Material provided START
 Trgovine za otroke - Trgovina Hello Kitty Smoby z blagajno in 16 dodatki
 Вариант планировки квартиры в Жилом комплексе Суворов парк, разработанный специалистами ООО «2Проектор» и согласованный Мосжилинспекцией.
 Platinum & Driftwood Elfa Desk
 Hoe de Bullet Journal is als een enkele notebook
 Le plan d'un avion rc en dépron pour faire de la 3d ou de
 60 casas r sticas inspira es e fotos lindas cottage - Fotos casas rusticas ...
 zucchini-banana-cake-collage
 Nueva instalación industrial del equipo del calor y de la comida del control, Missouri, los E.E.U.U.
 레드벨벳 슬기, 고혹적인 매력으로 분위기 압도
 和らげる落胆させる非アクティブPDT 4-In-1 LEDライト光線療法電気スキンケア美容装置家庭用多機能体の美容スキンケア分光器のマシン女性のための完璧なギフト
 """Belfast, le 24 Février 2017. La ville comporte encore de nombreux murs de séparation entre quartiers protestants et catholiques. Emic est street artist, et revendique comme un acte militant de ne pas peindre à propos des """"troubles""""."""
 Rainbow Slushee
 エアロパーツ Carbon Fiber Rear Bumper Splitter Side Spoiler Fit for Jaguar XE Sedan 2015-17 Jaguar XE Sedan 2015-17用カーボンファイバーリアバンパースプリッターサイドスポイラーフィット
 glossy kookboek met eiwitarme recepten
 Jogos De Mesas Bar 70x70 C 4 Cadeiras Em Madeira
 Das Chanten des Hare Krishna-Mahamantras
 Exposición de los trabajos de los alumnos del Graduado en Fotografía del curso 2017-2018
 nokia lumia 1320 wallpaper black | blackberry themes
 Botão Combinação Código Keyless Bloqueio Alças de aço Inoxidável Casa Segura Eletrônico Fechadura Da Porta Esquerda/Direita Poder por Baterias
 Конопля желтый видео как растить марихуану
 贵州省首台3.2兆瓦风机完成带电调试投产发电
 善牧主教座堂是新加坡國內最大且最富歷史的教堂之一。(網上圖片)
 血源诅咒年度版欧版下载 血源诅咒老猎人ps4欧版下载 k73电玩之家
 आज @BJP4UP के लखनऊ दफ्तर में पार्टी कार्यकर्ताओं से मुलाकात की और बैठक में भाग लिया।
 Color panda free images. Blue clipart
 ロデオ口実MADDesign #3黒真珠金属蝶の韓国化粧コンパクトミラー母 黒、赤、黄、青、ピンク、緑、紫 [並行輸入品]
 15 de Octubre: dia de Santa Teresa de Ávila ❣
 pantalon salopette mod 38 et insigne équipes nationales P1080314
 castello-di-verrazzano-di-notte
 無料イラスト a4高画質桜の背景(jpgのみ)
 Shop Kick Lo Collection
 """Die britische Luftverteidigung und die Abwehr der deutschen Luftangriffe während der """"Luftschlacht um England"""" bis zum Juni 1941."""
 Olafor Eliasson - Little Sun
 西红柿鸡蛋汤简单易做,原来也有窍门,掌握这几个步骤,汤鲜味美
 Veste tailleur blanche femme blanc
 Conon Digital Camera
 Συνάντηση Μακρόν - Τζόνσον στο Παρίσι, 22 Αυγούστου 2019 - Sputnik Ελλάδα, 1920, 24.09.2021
Material provided END
◆ **Work to be completed**
Wherever the line holding "Le plan d'un" falls in the entries above, copy exactly from it through the line holding "레드벨벳 슬기, 고혹적인 매력으로 분위기 압도", inclusive, and add nothing.

◆ **Exercise output**
 Le plan d'un avion rc en dépron pour faire de la 3d ou de
 60 casas r sticas inspira es e fotos lindas cottage - Fotos casas rusticas ...
 zucchini-banana-cake-collage
 Nueva instalación industrial del equipo del calor y de la comida del control, Missouri, los E.E.U.U.
 레드벨벳 슬기, 고혹적인 매력으로 분위기 압도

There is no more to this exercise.